The structure of the herpes simplex virus DNA-packaging terminase pUL15 nuclease domain suggests an evolutionary lineage among eukaryotic and prokaryotic viruses.

Herpes simplex virus 1 (HSV-1), the prototypic member of herpesviruses, employs a virally encoded molecular machine called terminase to package the viral double-stranded DNA (dsDNA) genome into a preformed protein shell. The terminase contains a large subunit that is thought to cleave concatemeric viral DNA during the packaging initiation and completion of each packaging cycle and supply energy to the packaging process via ATP hydrolysis. We have determined the X-ray structure of the C-terminal domain of the terminase large-subunit pUL15 (pUL15C) from HSV-1. The structure shows a fold resembling those of bacteriophage terminases, RNase H, integrases, DNA polymerases, and topoisomerases, with an active site clustered with acidic residues. Docking analysis reveals a DNA-binding surface surrounded by flexible loops, indicating considerable conformational changes upon DNA binding. In vitro assay shows that pUL15C possesses non-sequence-specific, Mg(2+)-dependent nuclease activity.
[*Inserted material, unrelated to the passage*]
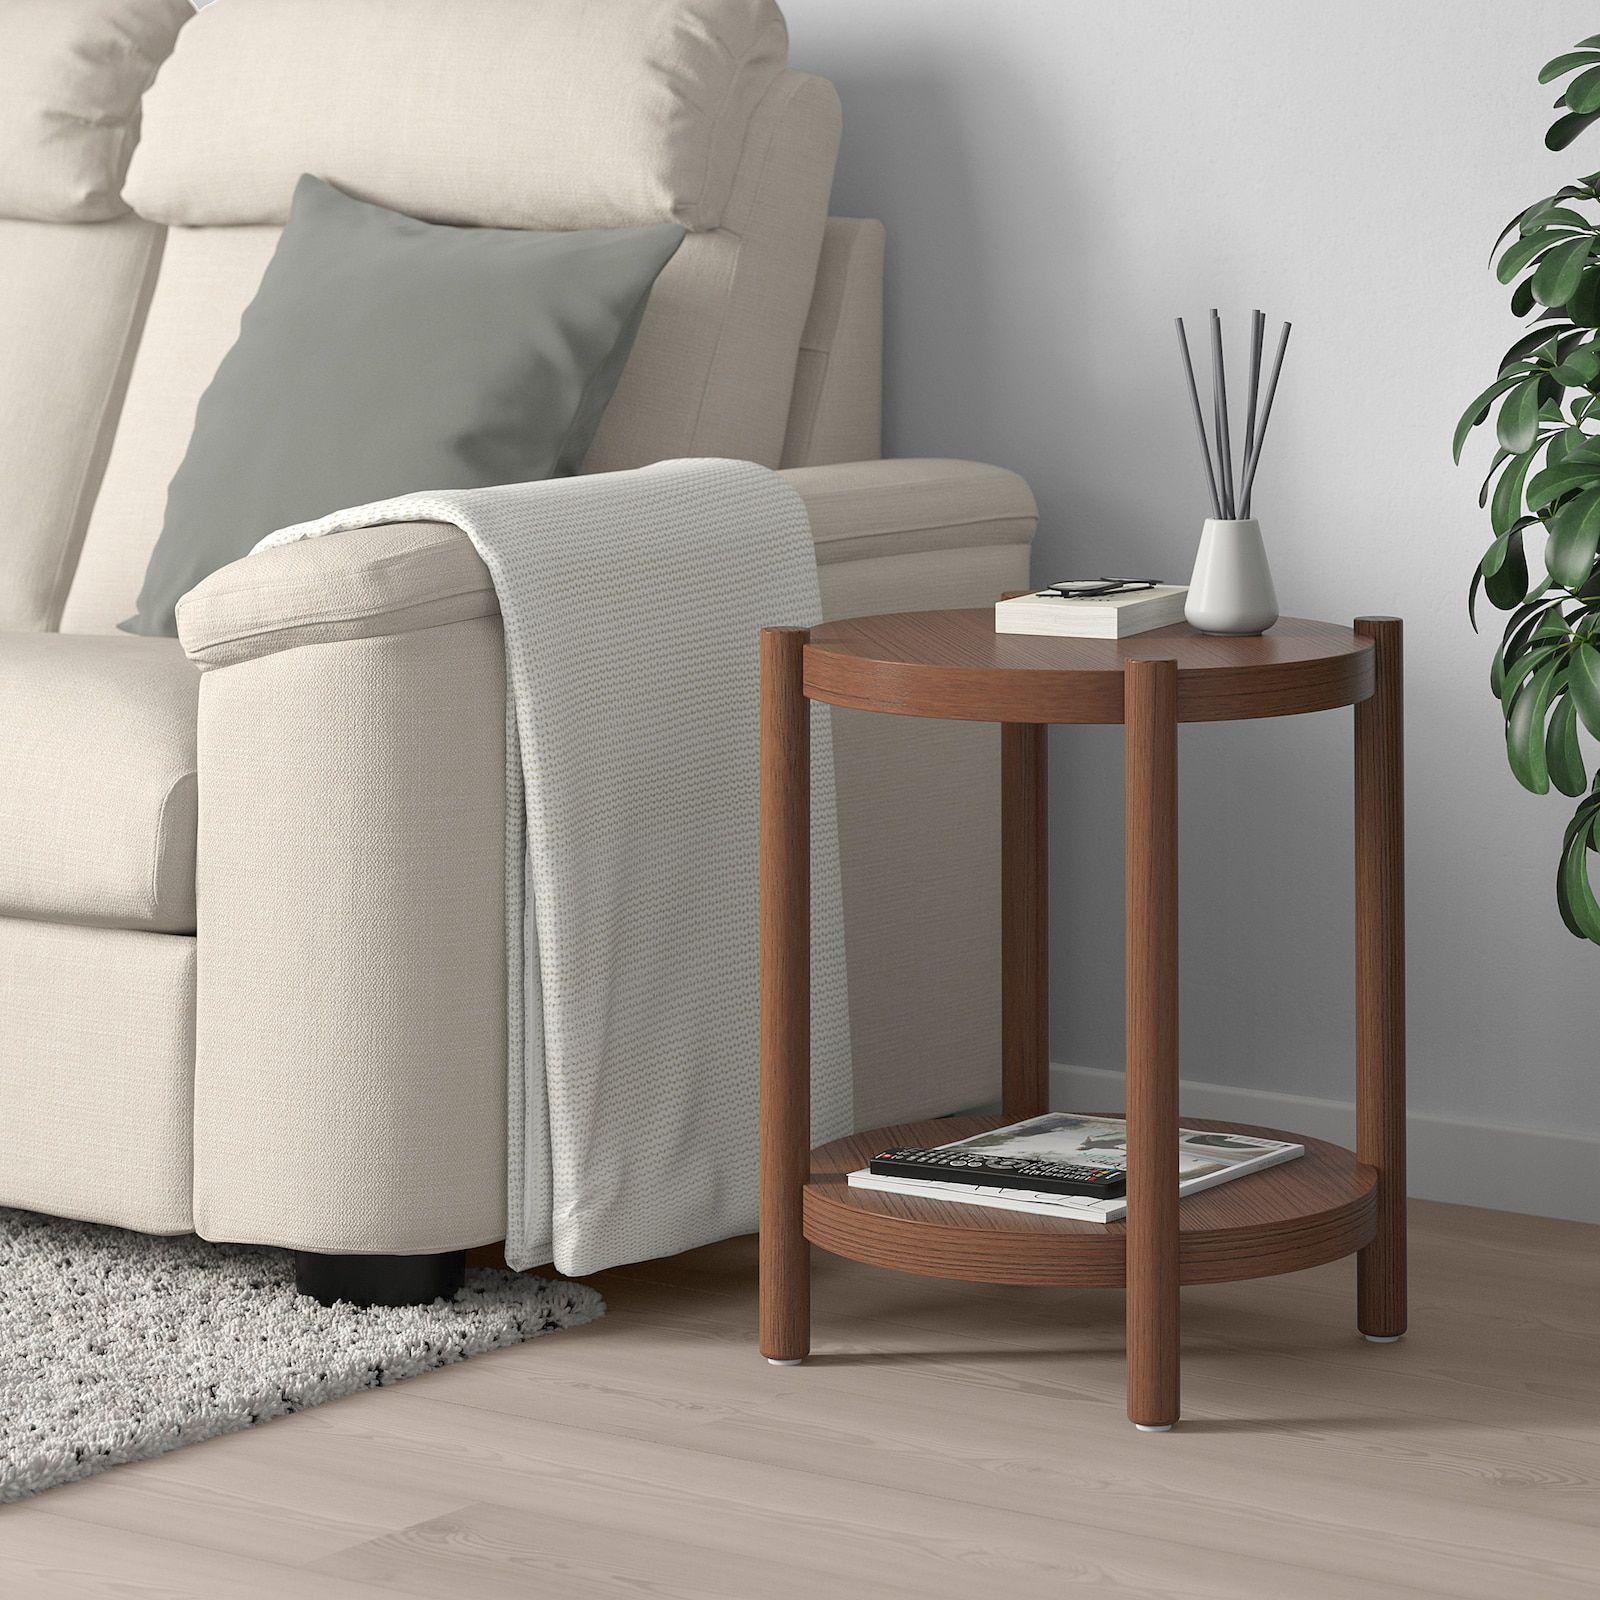 Listerby Side Table Brown 19 5 8 Ikea In 2021 Oak Side Table White Side Tables Ikea Side Table [ 1600 x 1600 Pixel ]

These results suggest that pUL15 uses an RNase H-like, metal ion-mediated catalysis mechanism for cleavage of viral concatemeric DNA. The structure reveals extra structural elements in addition to the RNase H-like fold core and variations in local architecture of the nuclease active site, which are conserved in herpesvirus terminases and bear great similarity to the phage T4 gp17 but are distinct from podovirus and siphovirus orthologs and cellular RNase H, delineating a new evolutionary lineage among a large family of eukaryotic viruses and simple and complex prokaryotic viruses.